The second row damaged knee ligaments playing for Currie at Boroughmuir in the Premiership. The injury, suffered in a match which was part of a comeback plan for the 26-year-old, was initially downplayed. However, time has not proved a healer on this occasion and the man whose rugby cv includes 48 outings for Edinburgh highlighted by a substitute appearance in the Heineken European Cup semi-final against Ulster in Dublin last year, is looking to the future by setting up the Pro’sLife Rugby Academy in conjunction with another 
ex-Edinburgh player whose career has been blighted by knocks, James King.

“One of the many things I learned about the pro game is that your life can be turned out in a fraction of a second,” said Turnbull.

“In my case, I still felt I had a lot to give on the playing front having signed a contract extension in 2011 but the injury I picked up at Meggetland was one too many and it came to the point where my body couldn’t handle the collisions any 
longer.

“It took a week or two to come to terms with not being able to play again then I accepted I could look back on some unbelievable experiences.

“After that, it was a case of fast-forwarding a coaching programme James and I had planned to set up at some stage in the future.

“Throughout my treatment, I was given every support to try to pull through and return to playing while Red Sky Management did a lot to help me look beyond playing days but it comes to every sportsman at some stage and I was no 
different.”

A large part of Turnbull’s rugby education was that Euro semi which Edinburgh lost 22-19 although his debut had actually come six years earlier only for a series of injury breaks occuring to prevent potential being truly fulfilled.
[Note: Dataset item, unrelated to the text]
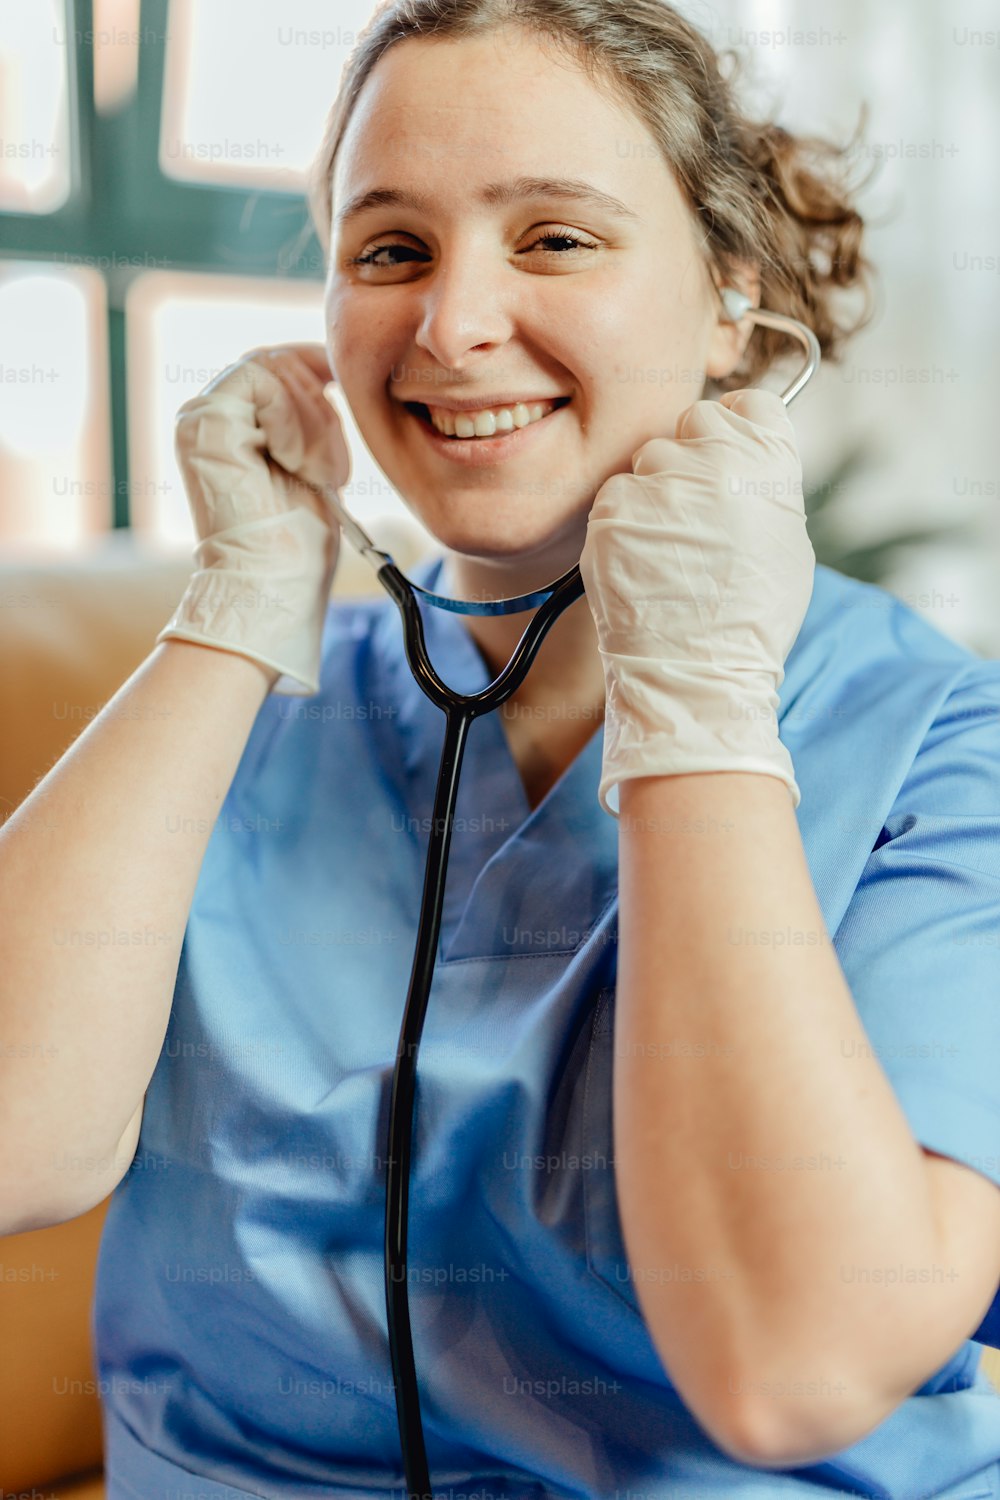 a woman in scrubs and a stethoscope is smiling
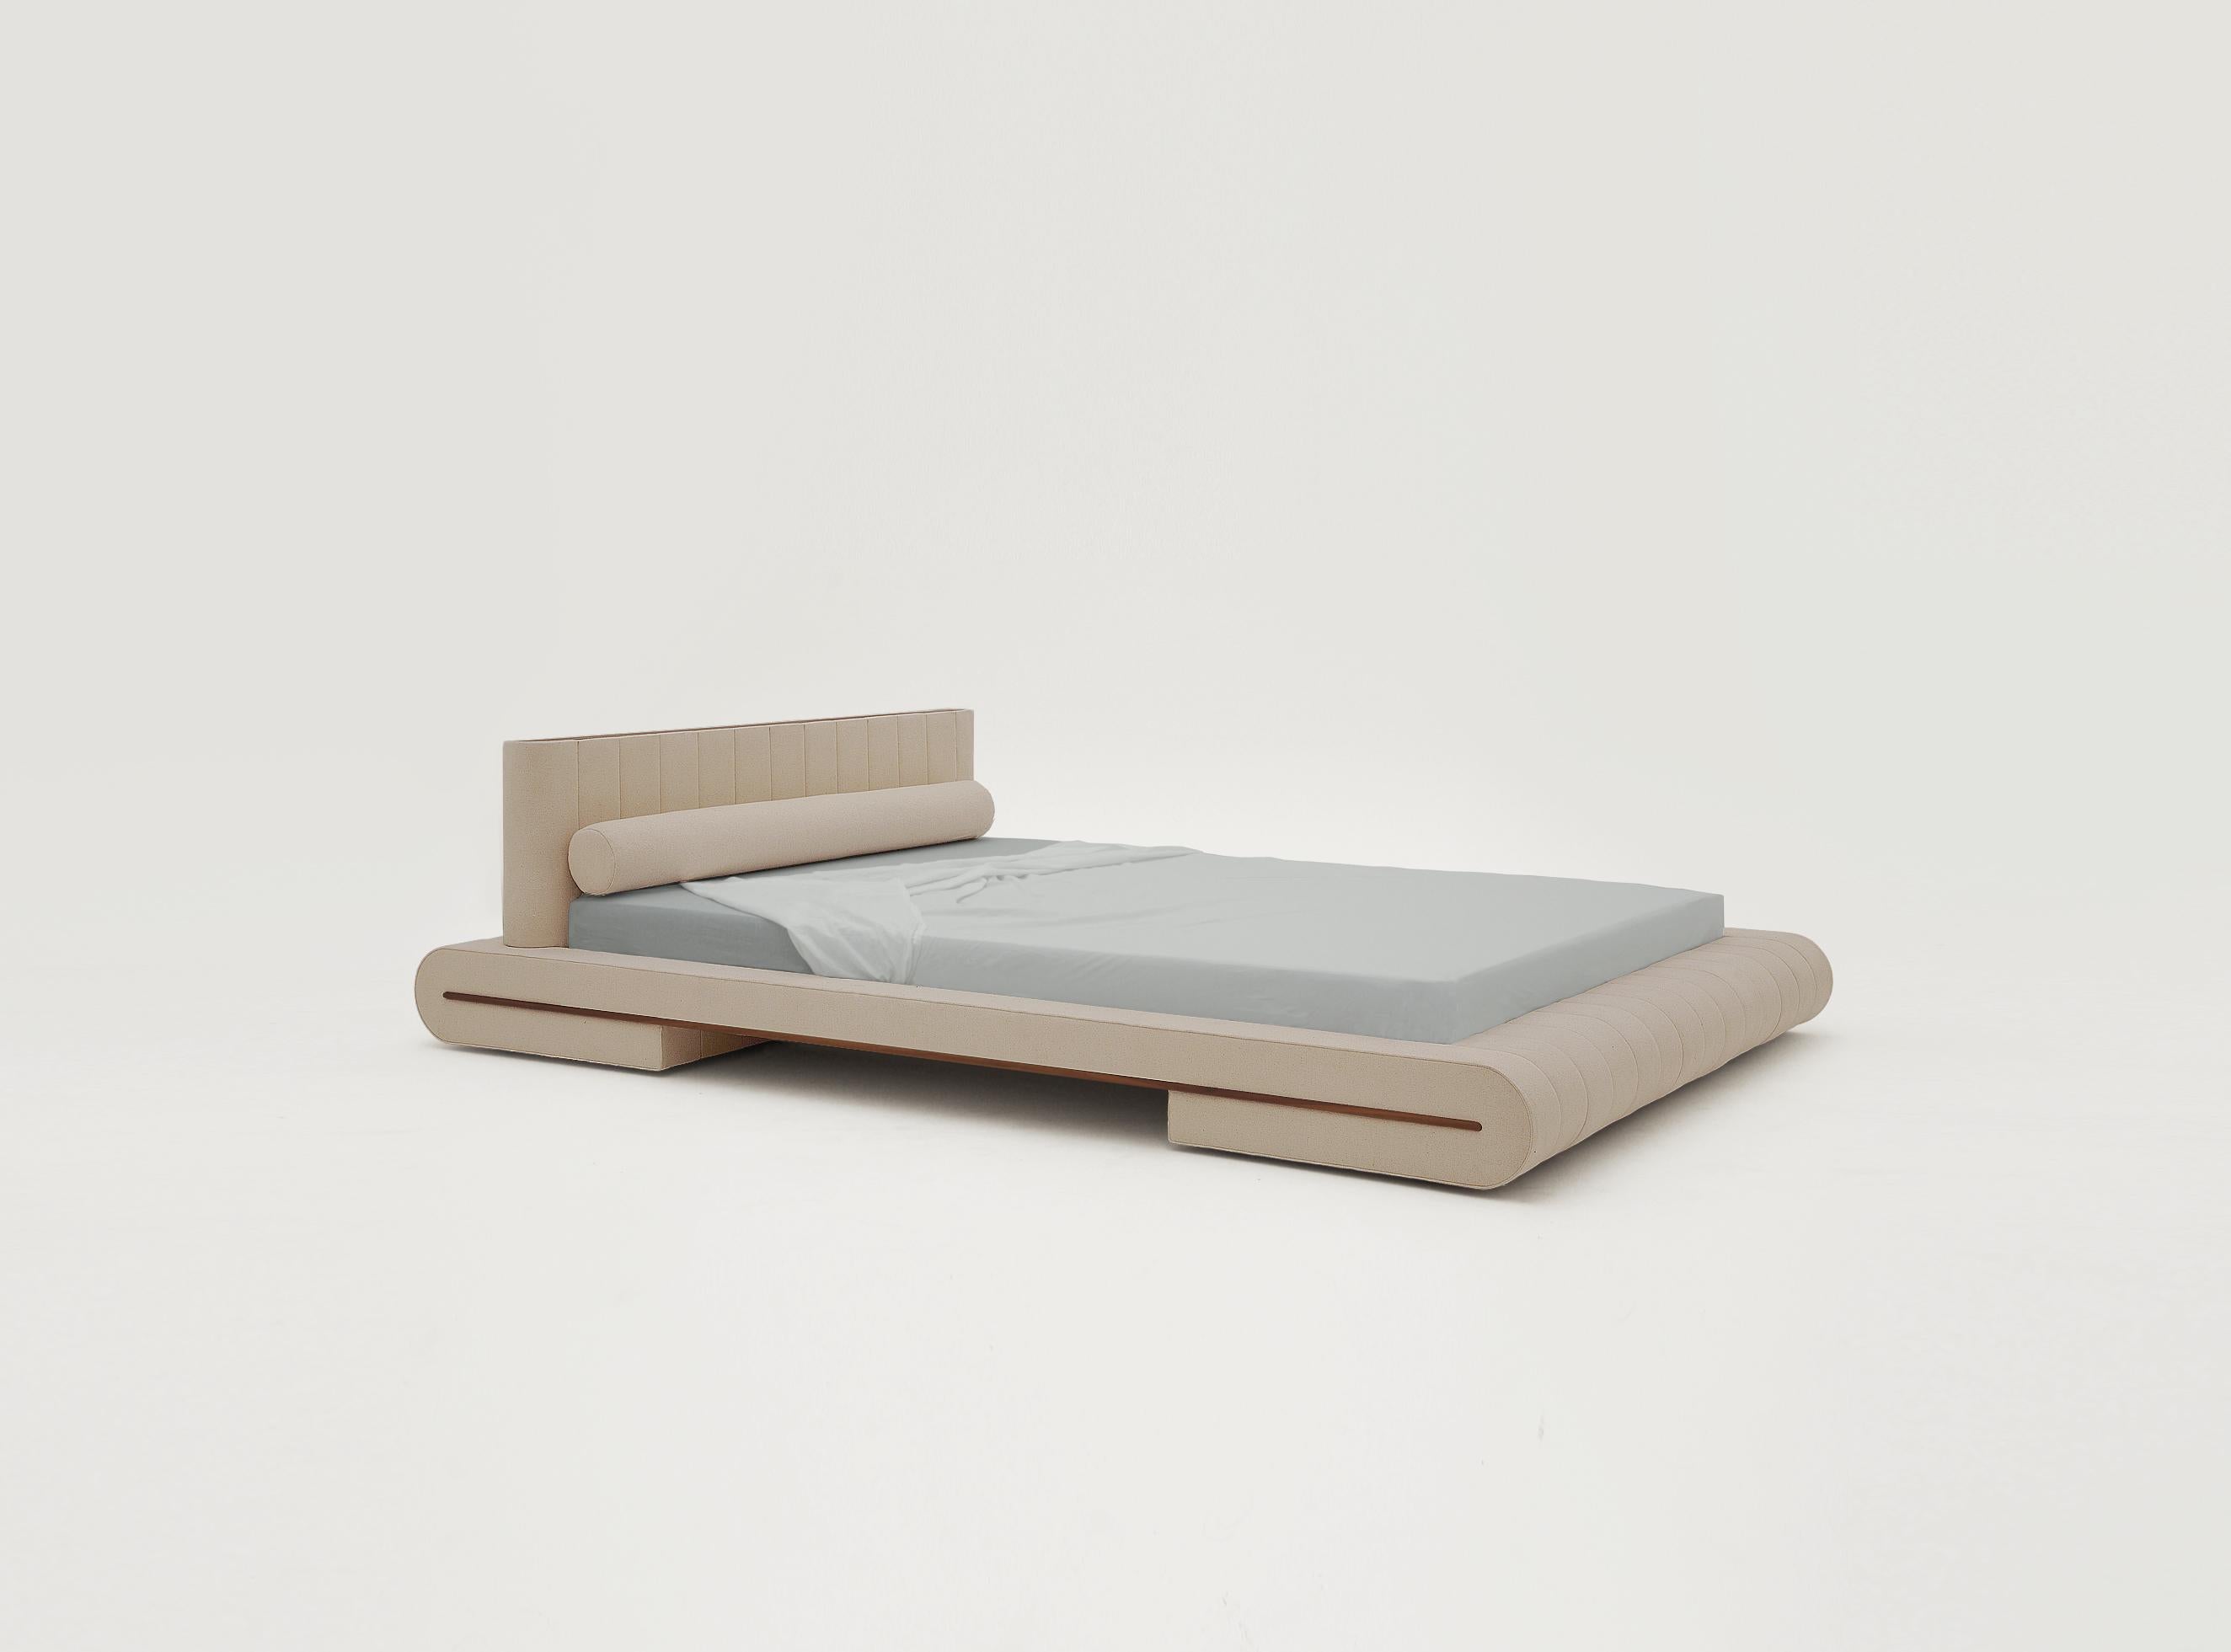 Docked en Rio has a fully upholstered bed frame. The cotton weave is stretched around a folded mattress frame inspired by traditional Japanese furniture. The form is composed of modular cross-sections with a walnut rail that accentuates the folding

“I’m convinced that if that semi had continued for a further five minutes we’d have beaten Ulster and gone on to play in the final,” he said, adding: “Jim Thompson had just scored a try in the closing moments and we had Ulster on the back foot but it wasn’t to be.”

A week later, Turnbull, who had replaced Grant Gilchrist in the semi-final, returned to Murrayfield for the concluding Rabo Direct League clash with Treviso not knowing that it would be the last time he’d pull on the Edinburgh shirt first worn as a 19-year-old. “Of all the players I faced, the most difficult was Paul O’Connell of Munster with his all-round game but, when I joined 
Edinburgh as an apprentice, Al 
Kellock hadn’t yet moved across to Glasgow and he was a big help.

“On the coaching front, I learned from two World Cup winners in Andy Robinson and Neil Back while Rob Moffat (ex Edinburgh) is someone I still speak with.”

A member of the Scotland A side at the 2011 Nations Cup in Romania under Sean Lineen’s guidance and capped at every age group level, Turnbull will seek to incorporate the teachings of his mentors while emphasising other aspects of rugby.

“James and I have made a decision to restrict the numbers at our courses to 50 so as to give more individual attention and there will be an accent on achieving a healthy lifestyle and passing on all the things that are form part of everyday life as a professional.

“Through being at Edinburgh I had the opportunity to do bits and bobs of coaching at grassroots level and it took me back to when I pitched up at Stirling County, aged 11, with some pals.”

Until then Turnbull had been a promising tennis player occasionally hitting in Dunblane with his school-mate, one Andy Murray.

“You could tell, even away back then, that Andy was going to be something special” he said.

As for Turnbull, though, it is one of his sporting aims just to get back on court.

“I was a decent junior player until rugby took over and there should be no reason why I can’t get back involved to some extent.

“It is the contact element that rules me out of rugby but, for the moment, all the focus is on getting involved in coaching.”

• PRO’SLIFE RUGBY CAMPS include Raeburn Place, Edinburgh, from July 15-17 (13-15 year olds) and July 18-20 (10-12 year olds). For further details see: www.proslife.co.uk

• MURRAYFIELD Wanderers 
have appointed ex-Currie centre David Wilson as their new coach. Wilson’s cv includes 
assisting Glasgow Hawks in the Premiership as well as Dalziel and Glasgow Accies. Jamie MacFarlane had to turn down the post for family reasons two days after being appointed.